Assigned task: Output every line below exactly, please, omitting pictures.
------ Supplied information
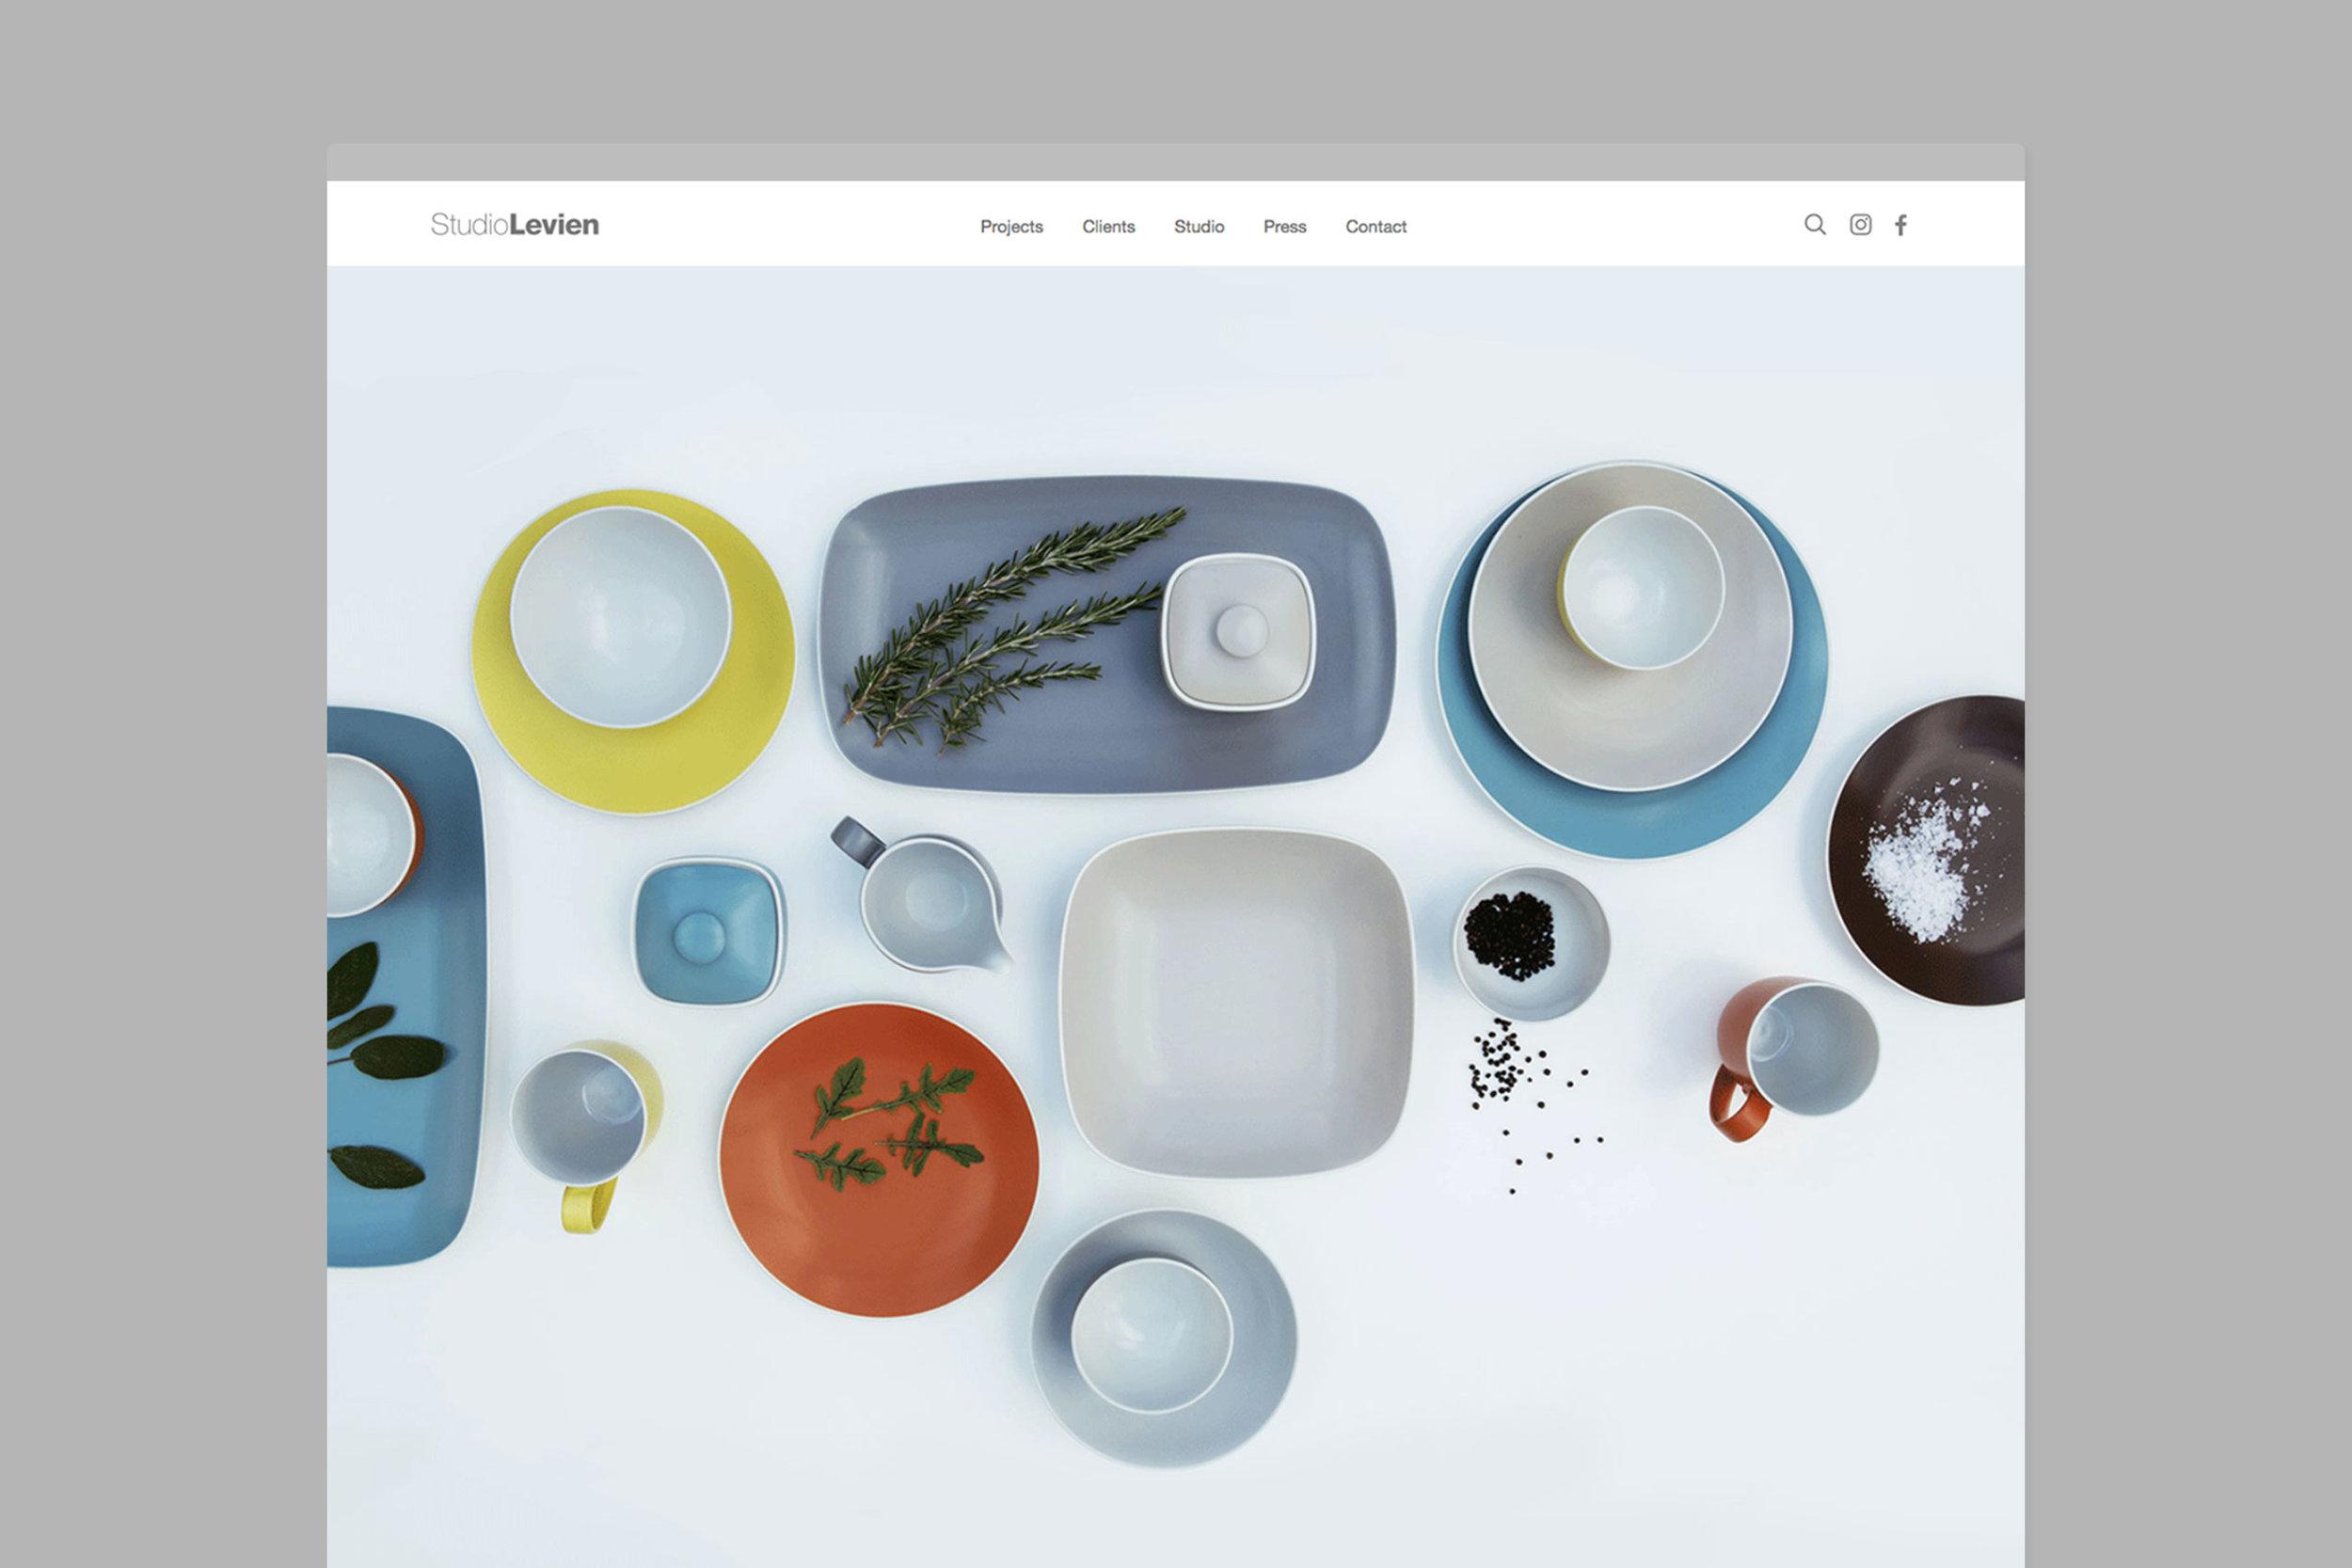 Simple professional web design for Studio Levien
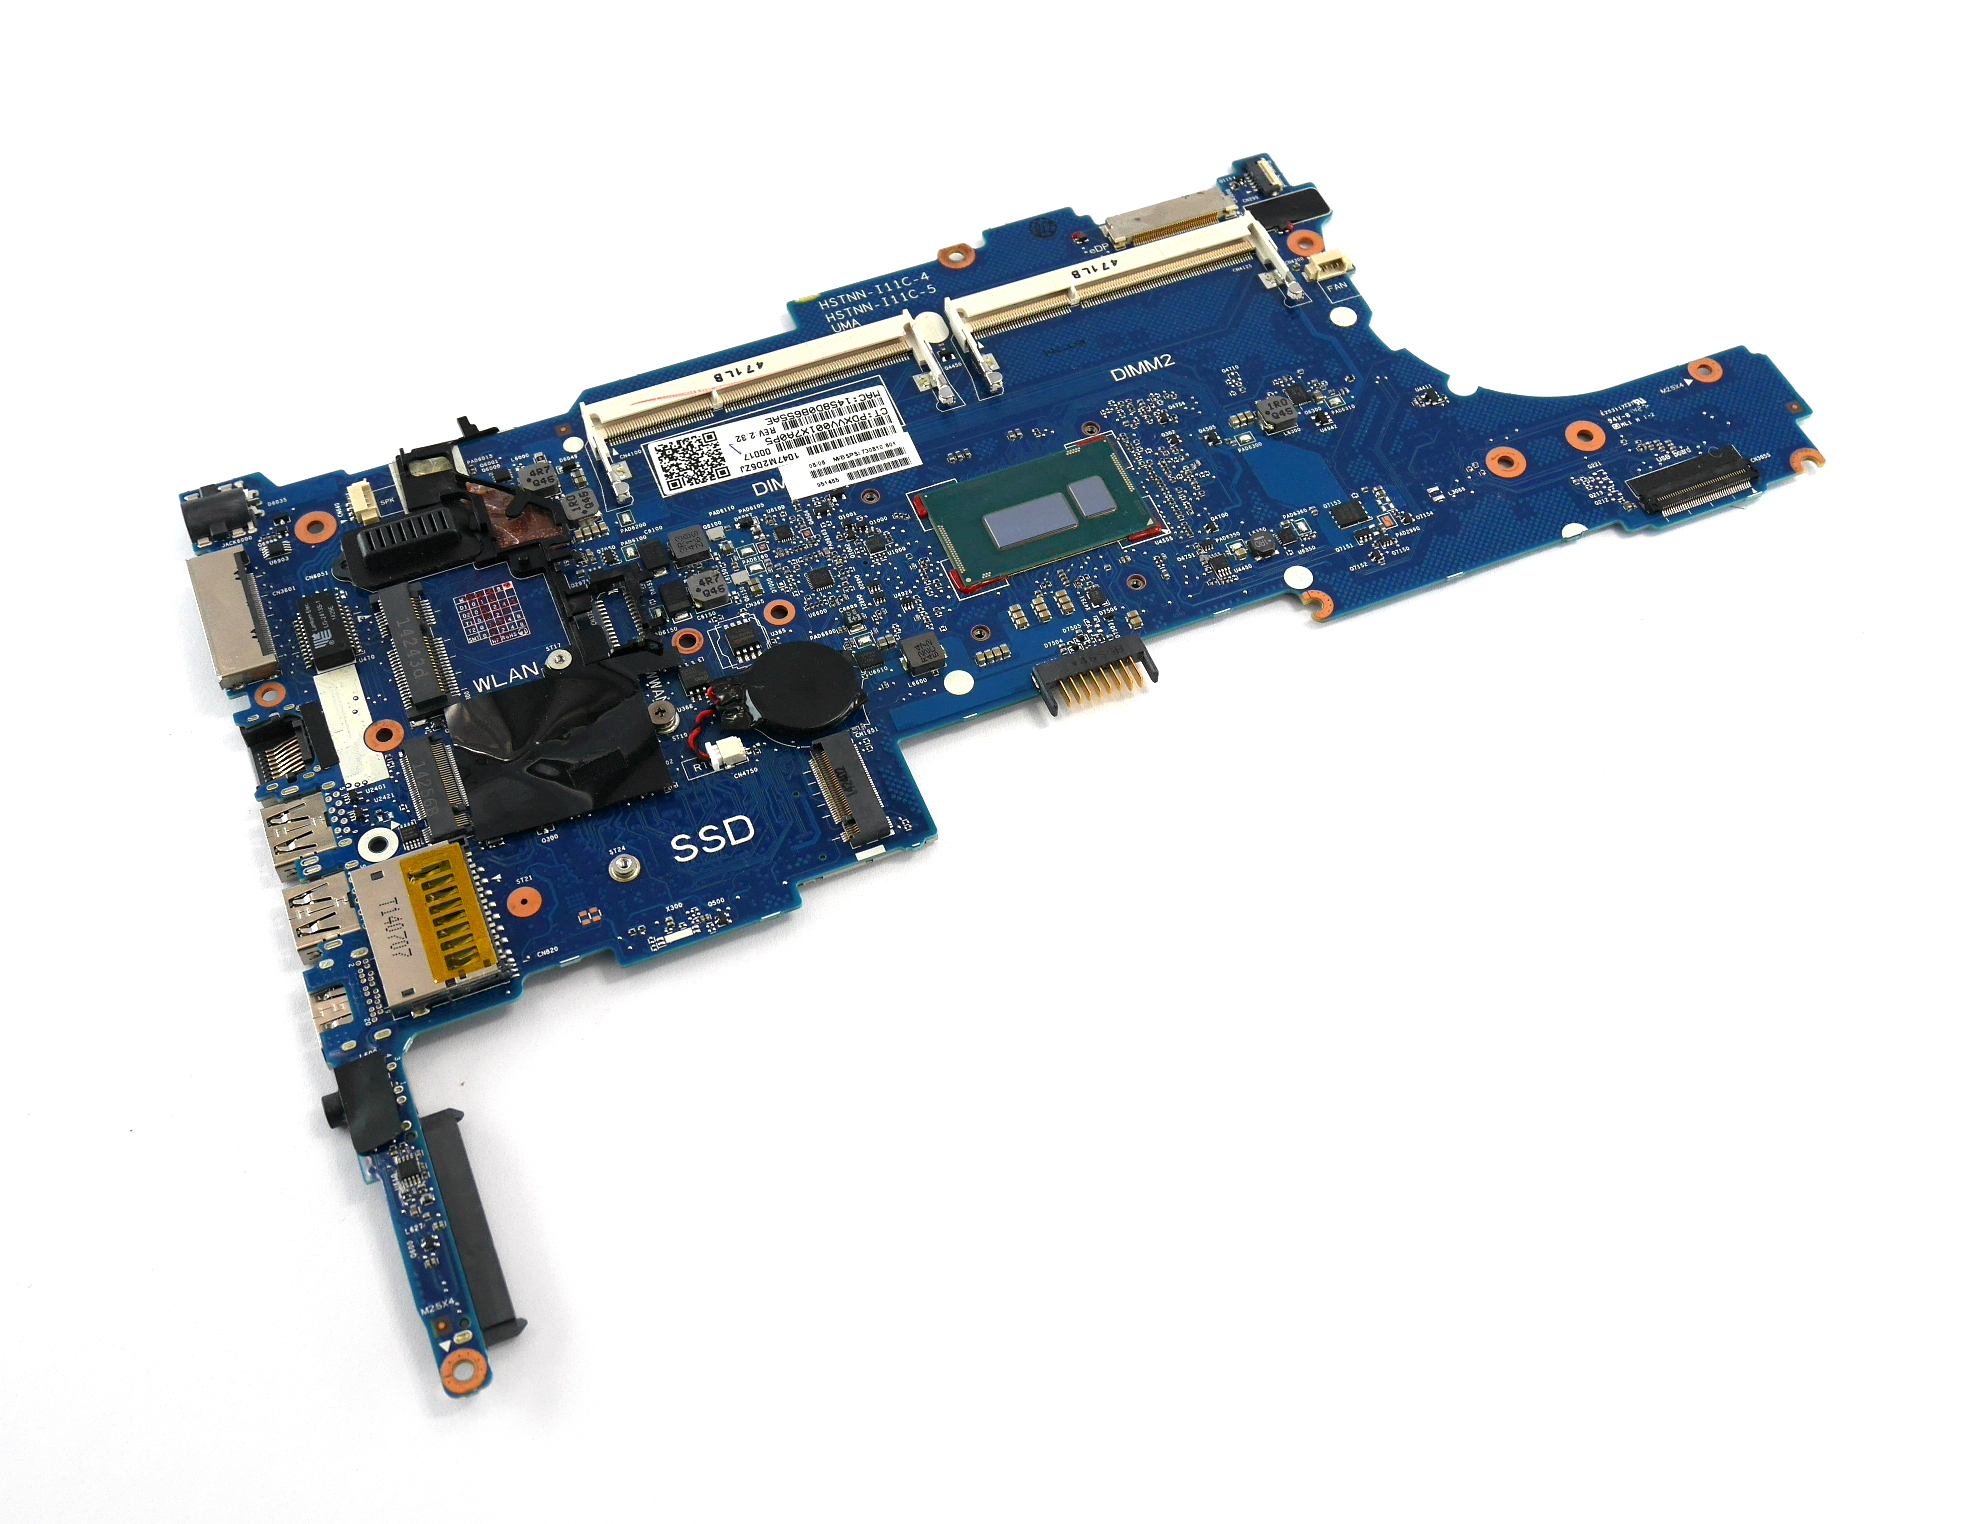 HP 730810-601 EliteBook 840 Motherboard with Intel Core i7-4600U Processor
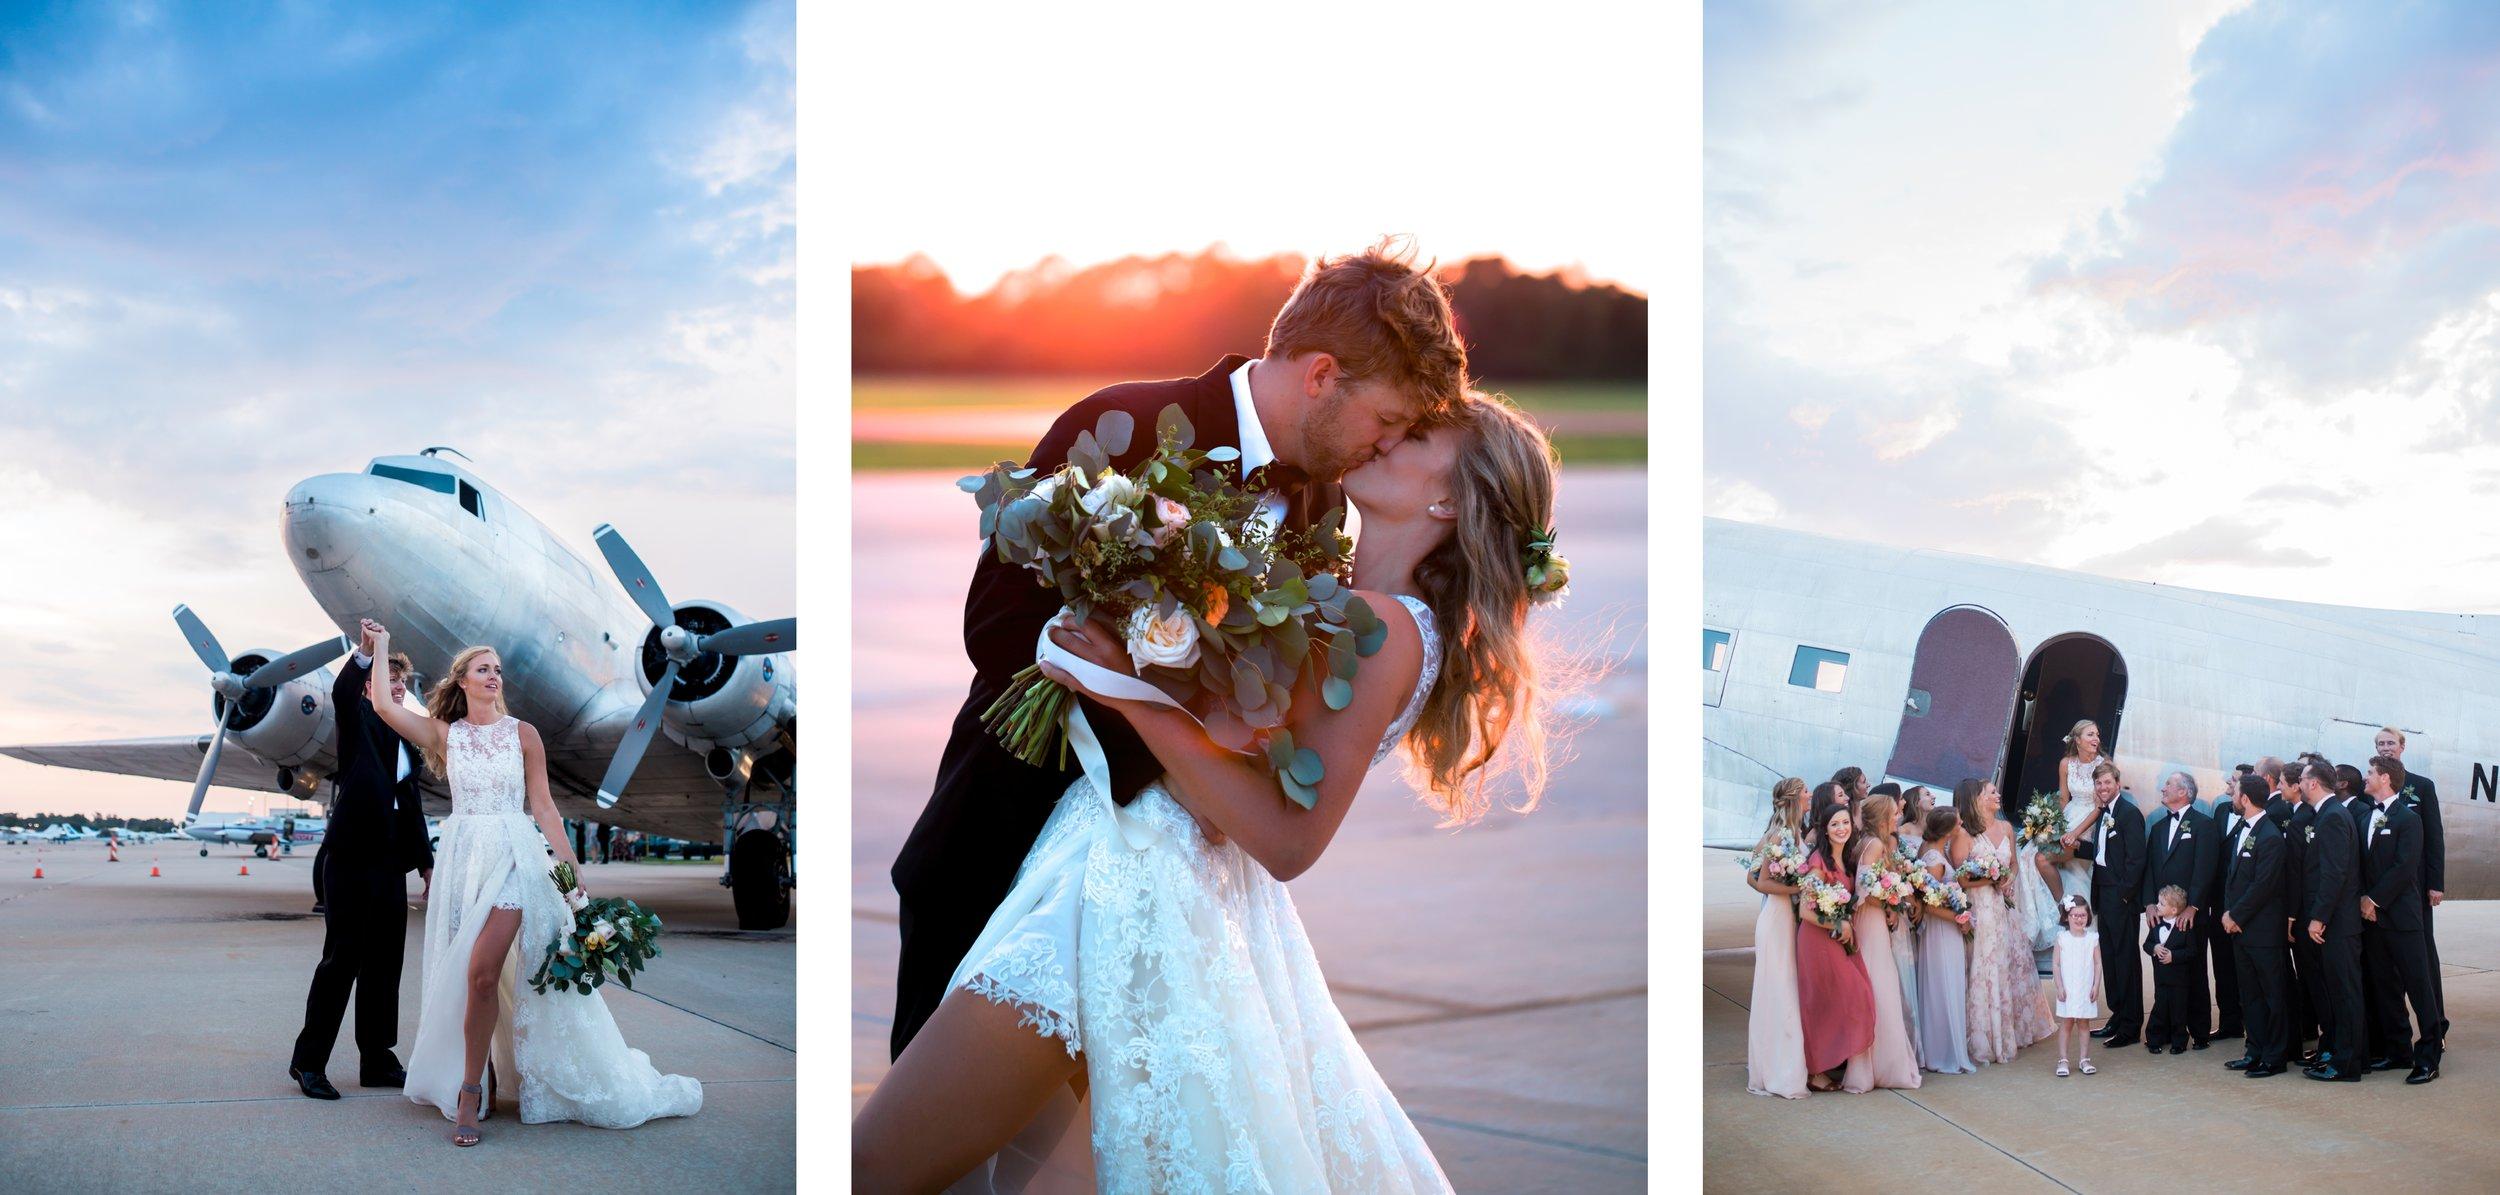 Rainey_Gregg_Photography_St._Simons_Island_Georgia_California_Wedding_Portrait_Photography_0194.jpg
------------
Reply:
 Simple professional web design for Studio Levien
 HP 730810-601 EliteBook 840 Motherboard with Intel Core i7-4600U Processor
 Rainey_Gregg_Photography_St._Simons_Island_Georgia_California_Wedding_Portrait_Photography_0194.jpg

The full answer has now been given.